Kazakhstan will export more than two million tons of crude oil to Germany in 2023-2024
After the first test delivery last year, Kazakhstan signed an agreement with Germany, under which the former Soviet Central Asian republic will supply German refineries with more than one million tons of crude oil by the end of 2024. Supplies will be provided by the state oil company Kazmunaigas (KMG). Crude oil from the Karachaganak fields will be transported through pipelines owned by Kazakhstan’s Kaztransoil and Russia’s Transneft companies.
So far, Kazakhstan has already exported 500 thousand tons of crude oil to Germany in the first five months of the year, and by the end of the year the supplies should exceed one million tons.
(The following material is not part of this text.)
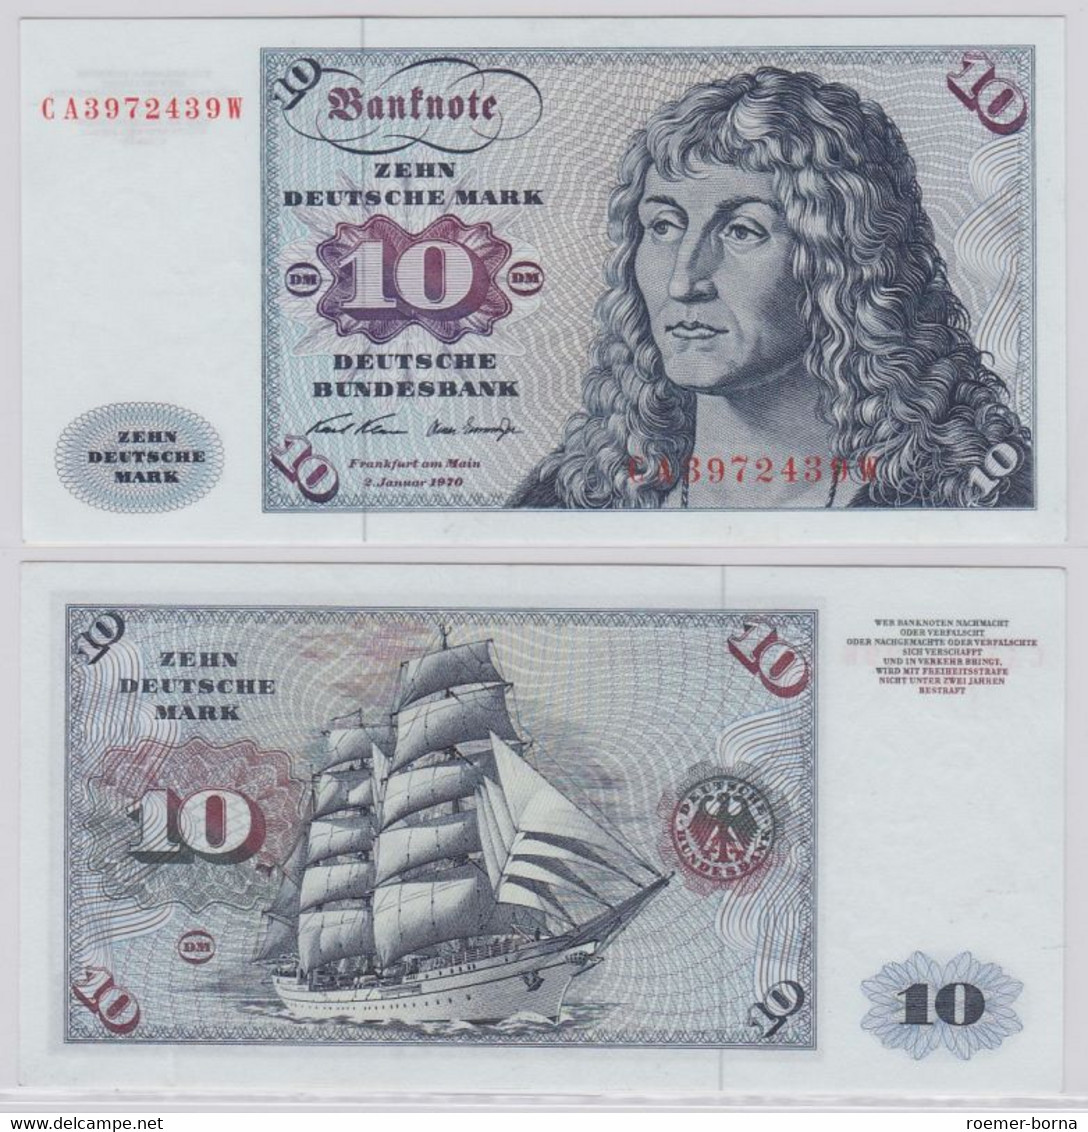 T146190 Banknote 10 DM Deutsche Mark Ro. 270a Schein 2.Jan. 1970 KN CA 3972439 W - 10 Deutsche Mark

According to KMG’s press release, despite the “green” agenda in Western Europe, Kazakhstan’s demand for liquid hydrocarbons is growing. At the end of 2022, Germany entered into an agreement with Kazakhstan to purchase crude oil with transportation through the Russian Druzhba pipeline to supply crude oil to a refinery in the German city of Schwedt. In 2023, Kazakhstan exported 993 thousand tons of oil to Germany, and for 2024 the volume of transit of Kazakh oil to Germany through the Druzhba pipeline, agreed between Astana and Moscow, will amount to 1.2 million tons.
The Druzhba oil pipeline was built by the Soviet Union in 1964 to connect the USSR’s oil facilities with some countries of the socialist camp: Hungary, Czechoslovakia, Poland, the former Yugoslavia, and East Germany (GDR), where Schwedt’s refineries are located.